▶ **Material provided**
☆ ☆ ☆

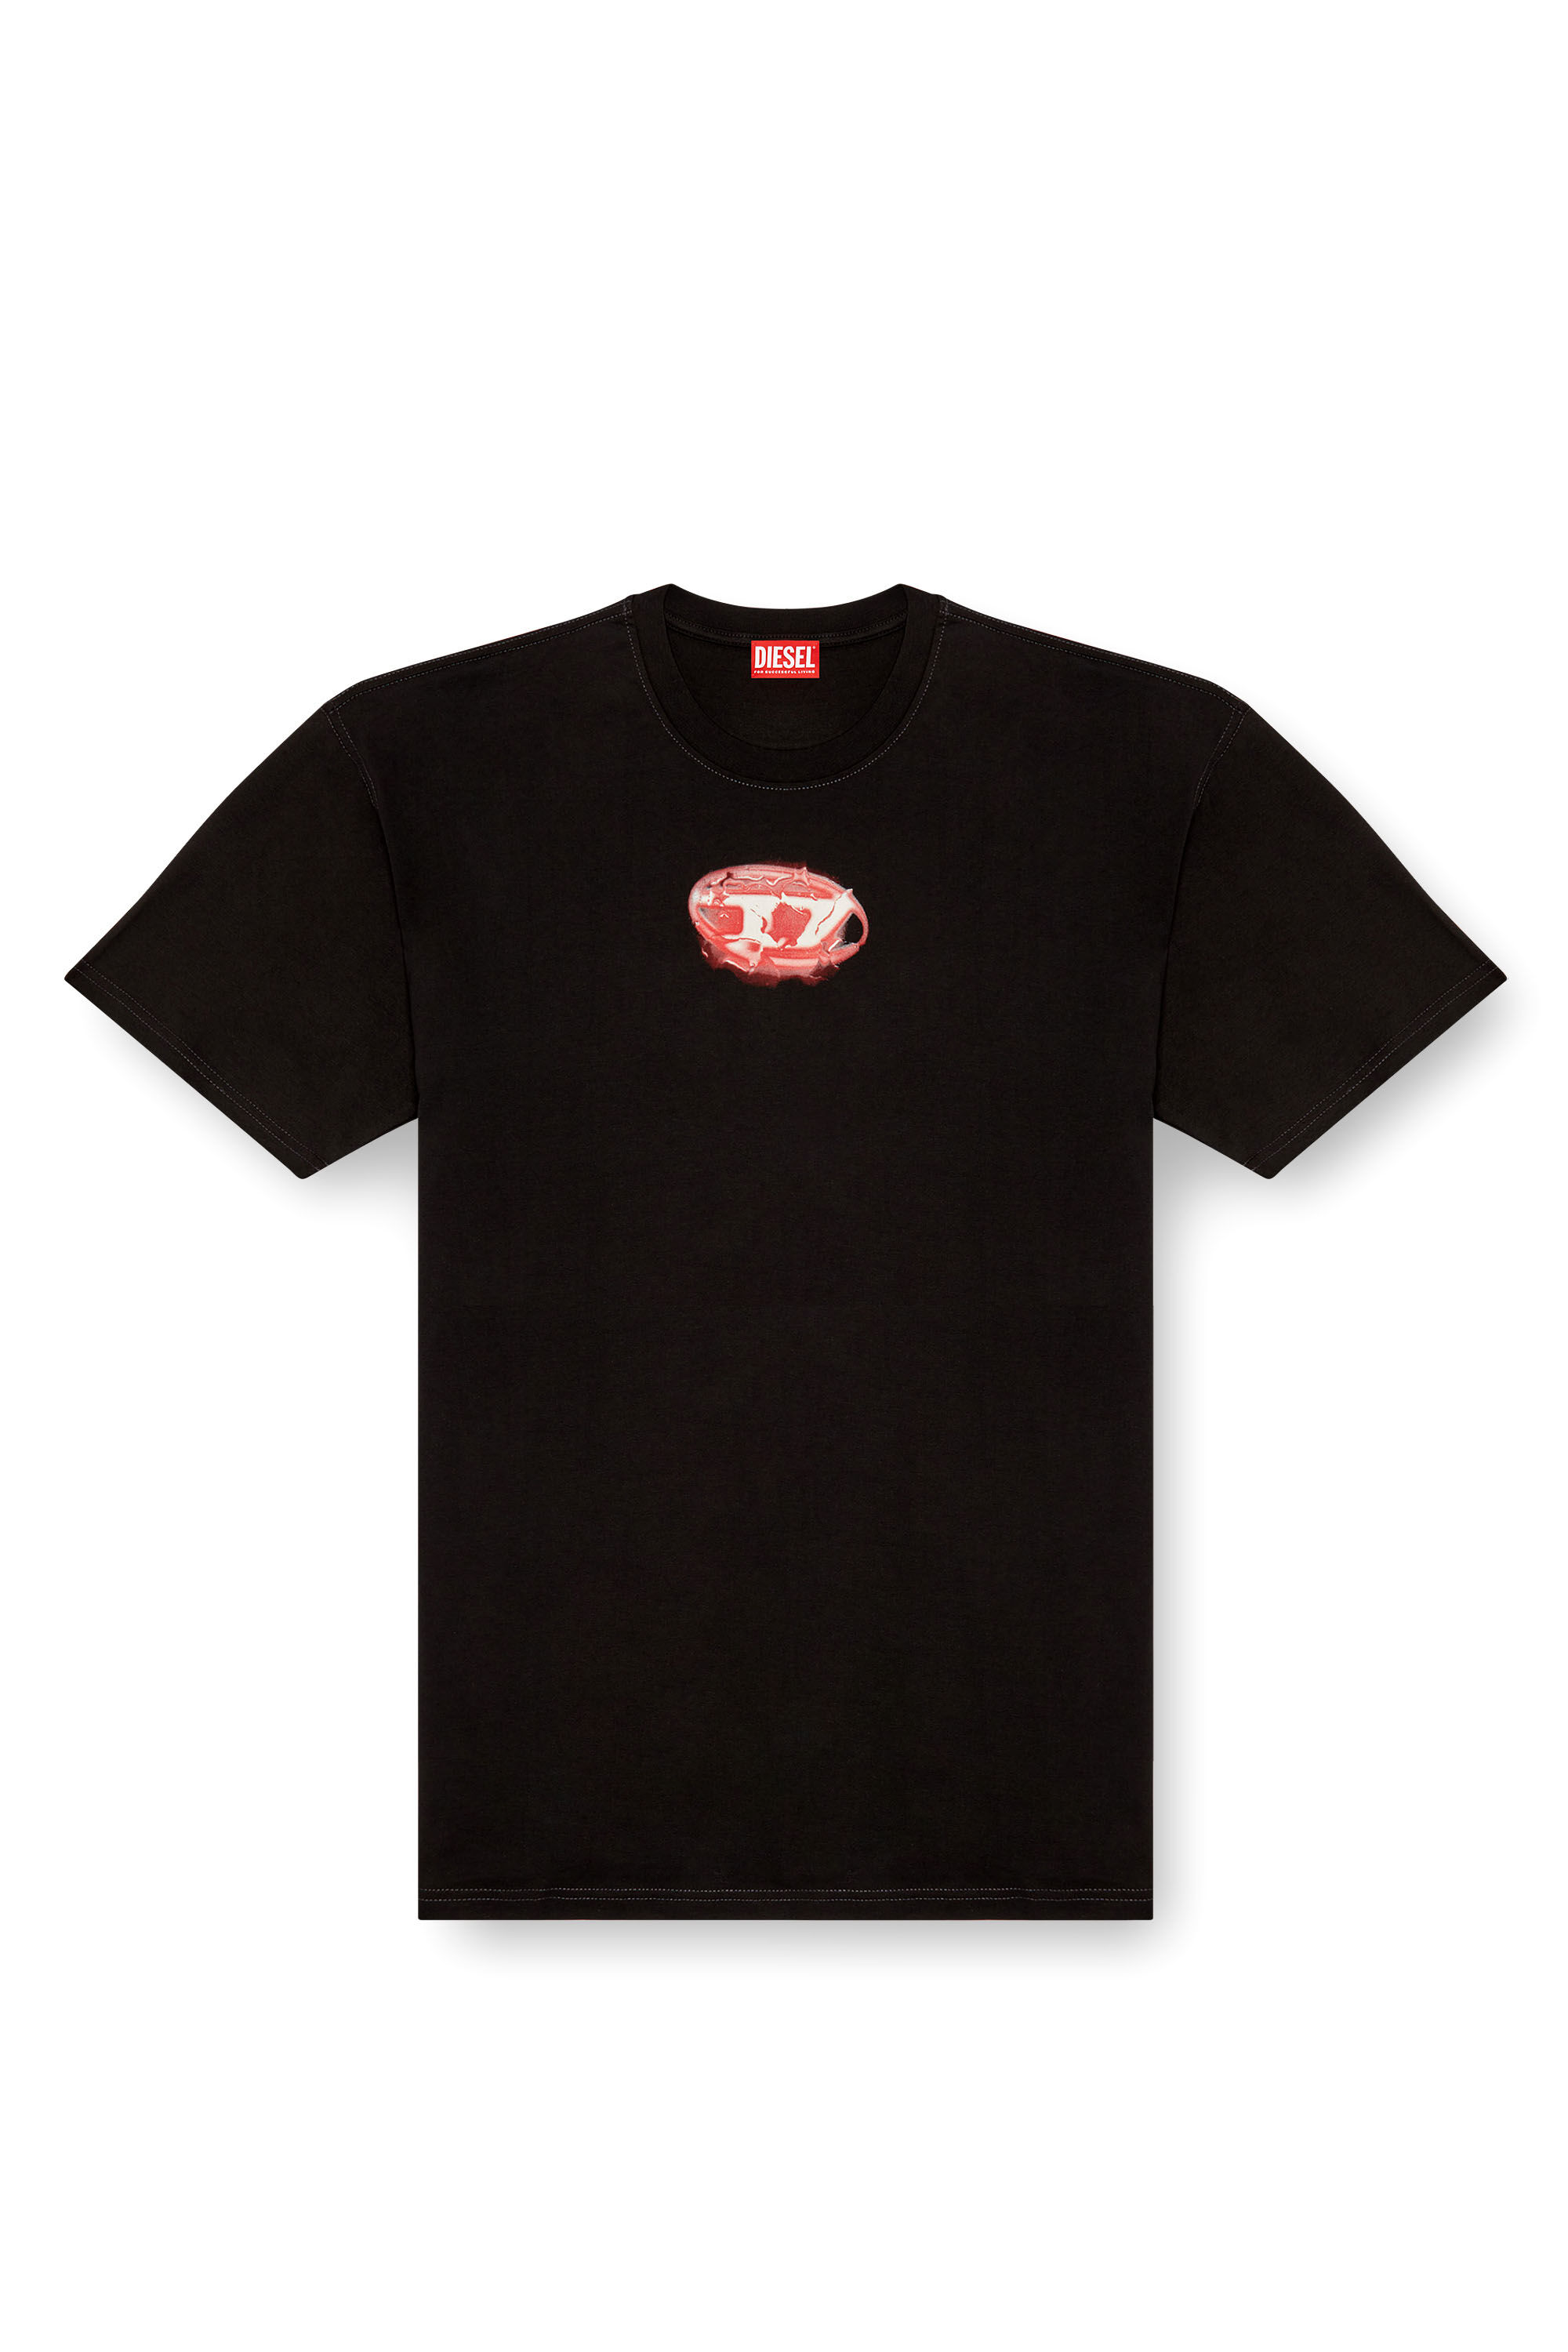 Diesel - T-BOXT-K3, Homme T-shirt avec logo effet lumineux in Noir - Image 2
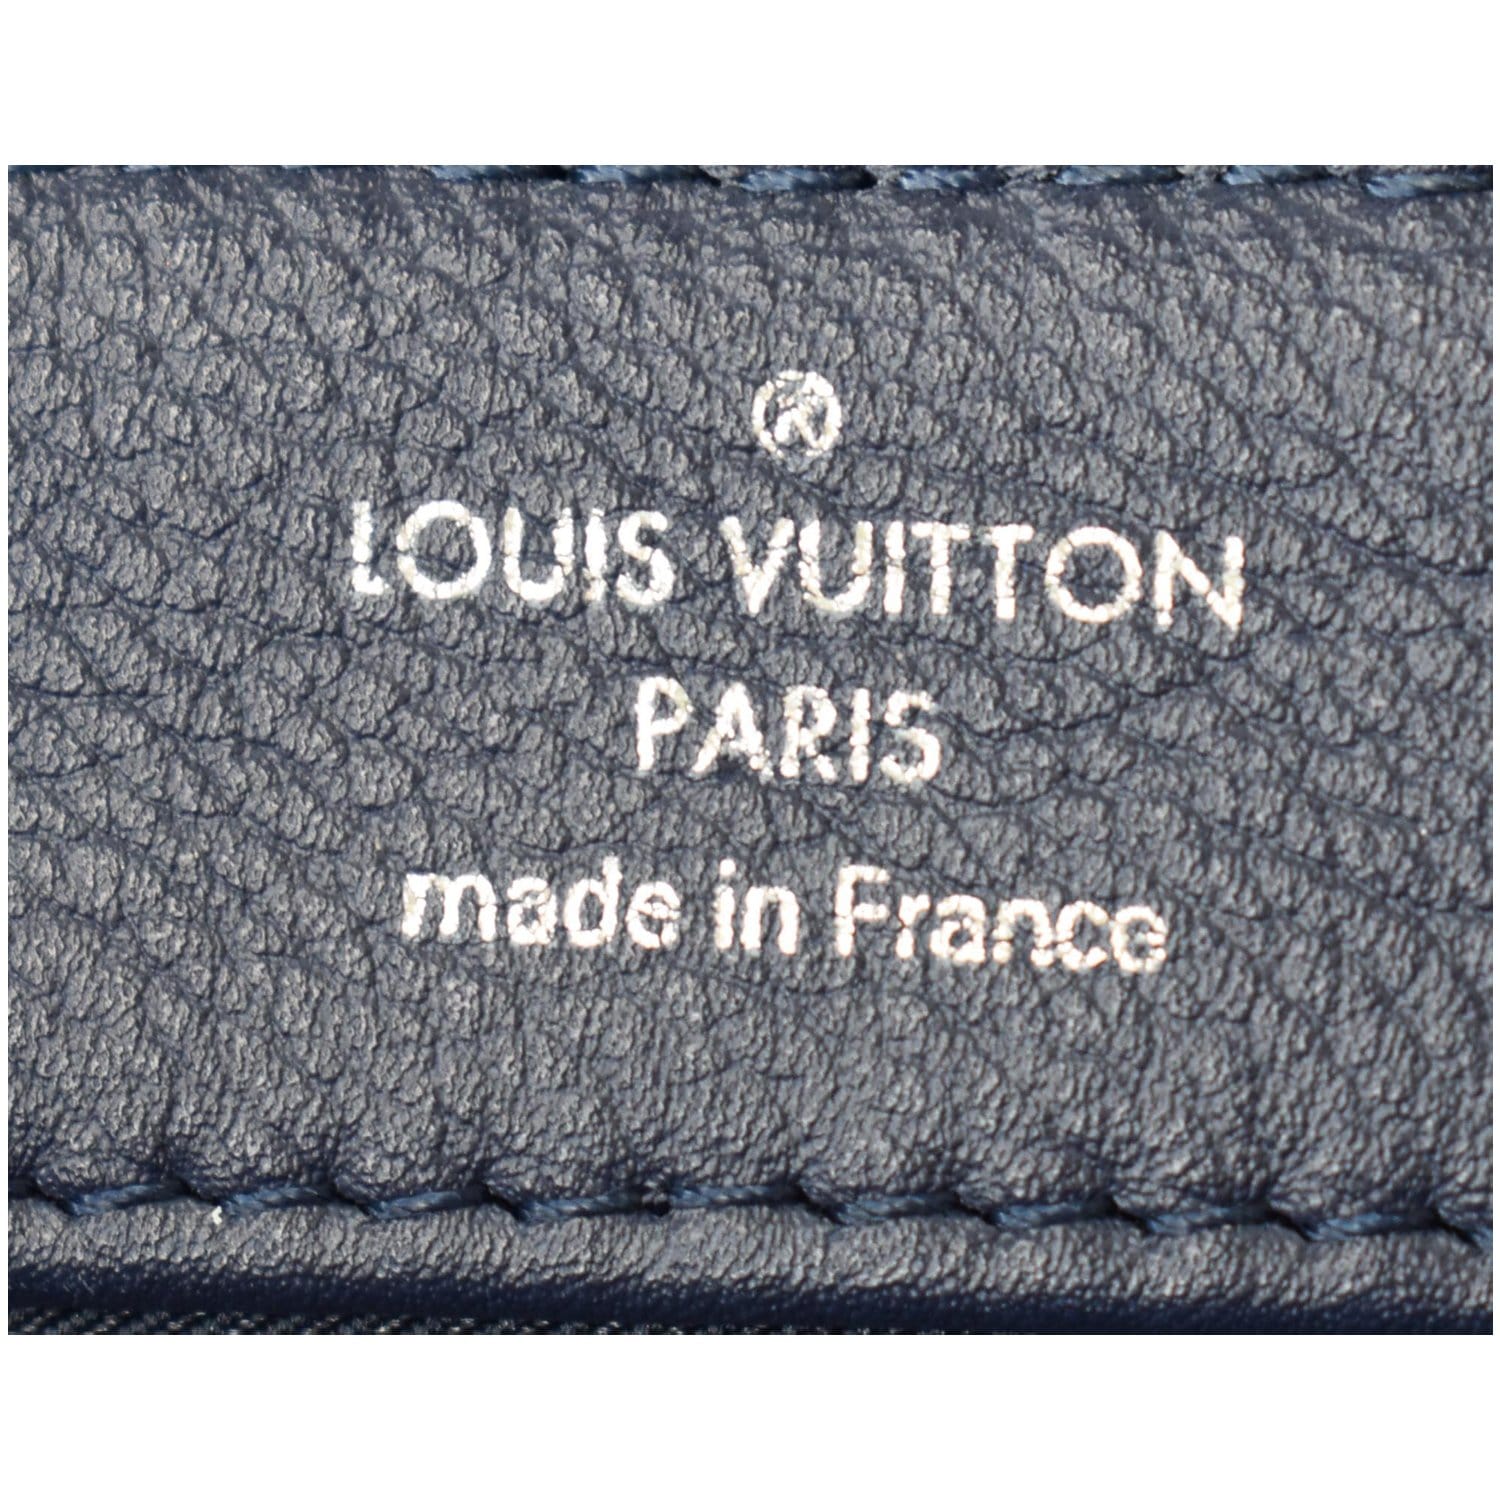 LOUIS VUITTON Lockme II BB Pebbled Leather Shoulder Bag Blue - 25% OFF
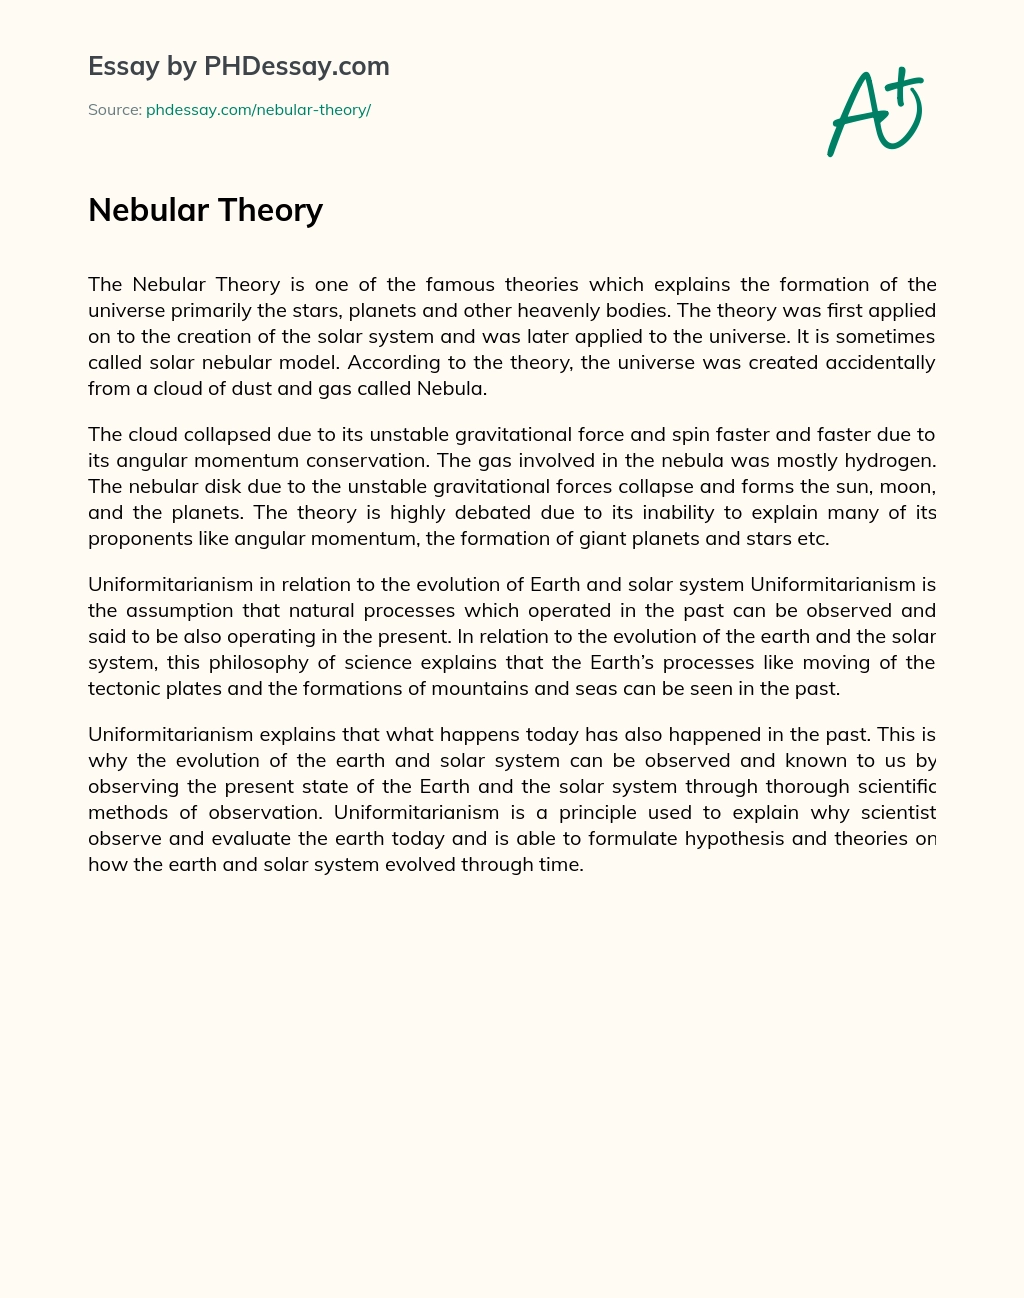 Nebular Theory essay
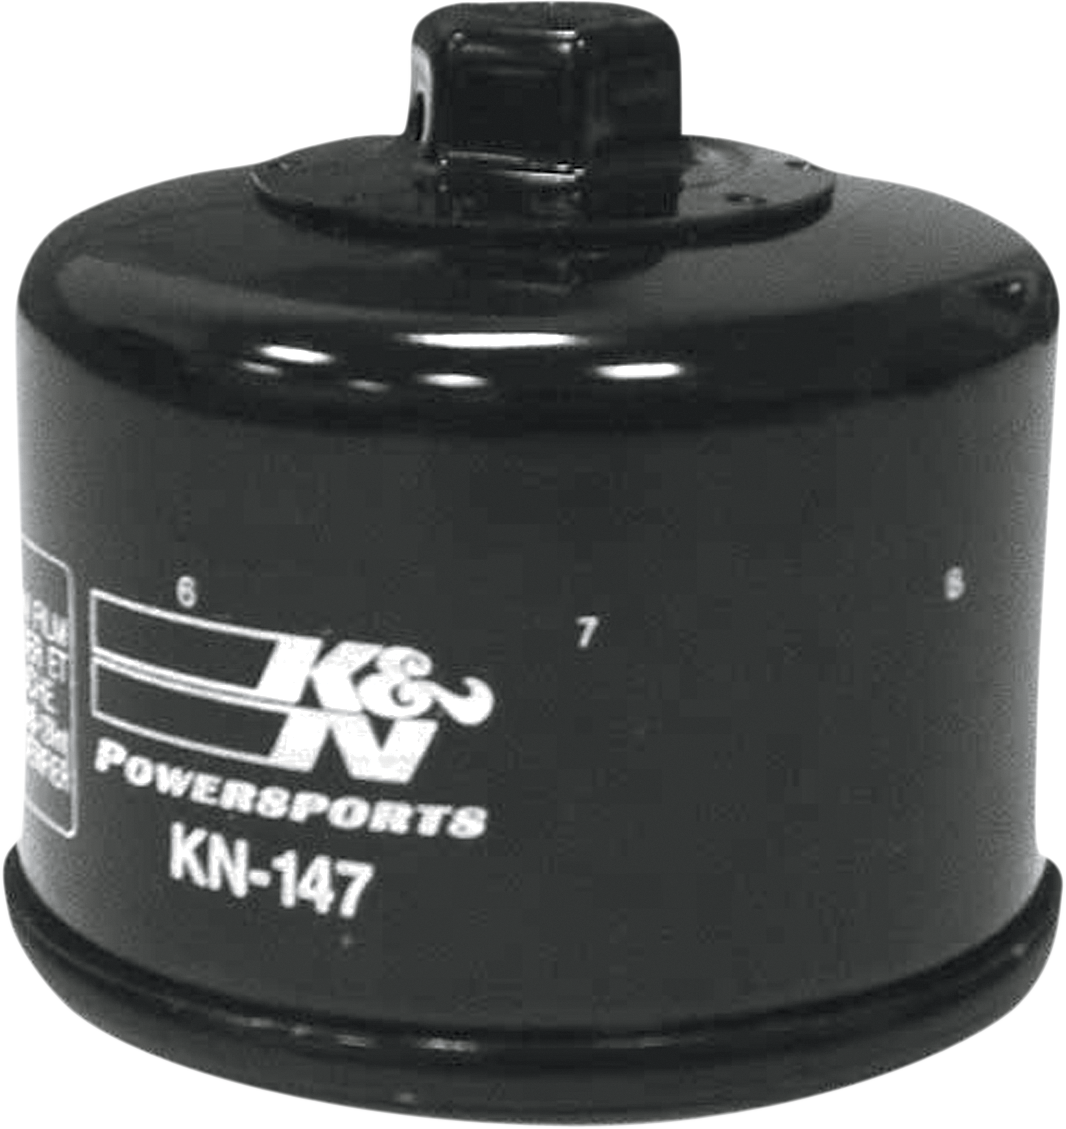 K & N Oil Filter IF 4 YAMAHA SNOW SEE TECH KN-147

☆ ☆ ☆

▶ **What to do**
The required output is the span of lines from the line with "Nebular Theory essay" through the final line of the listing above, reproduced exactly, minus the pictures.

▶ **Problem solution**
 Nebular Theory essay
 K & N Oil Filter IF 4 YAMAHA SNOW SEE TECH KN-147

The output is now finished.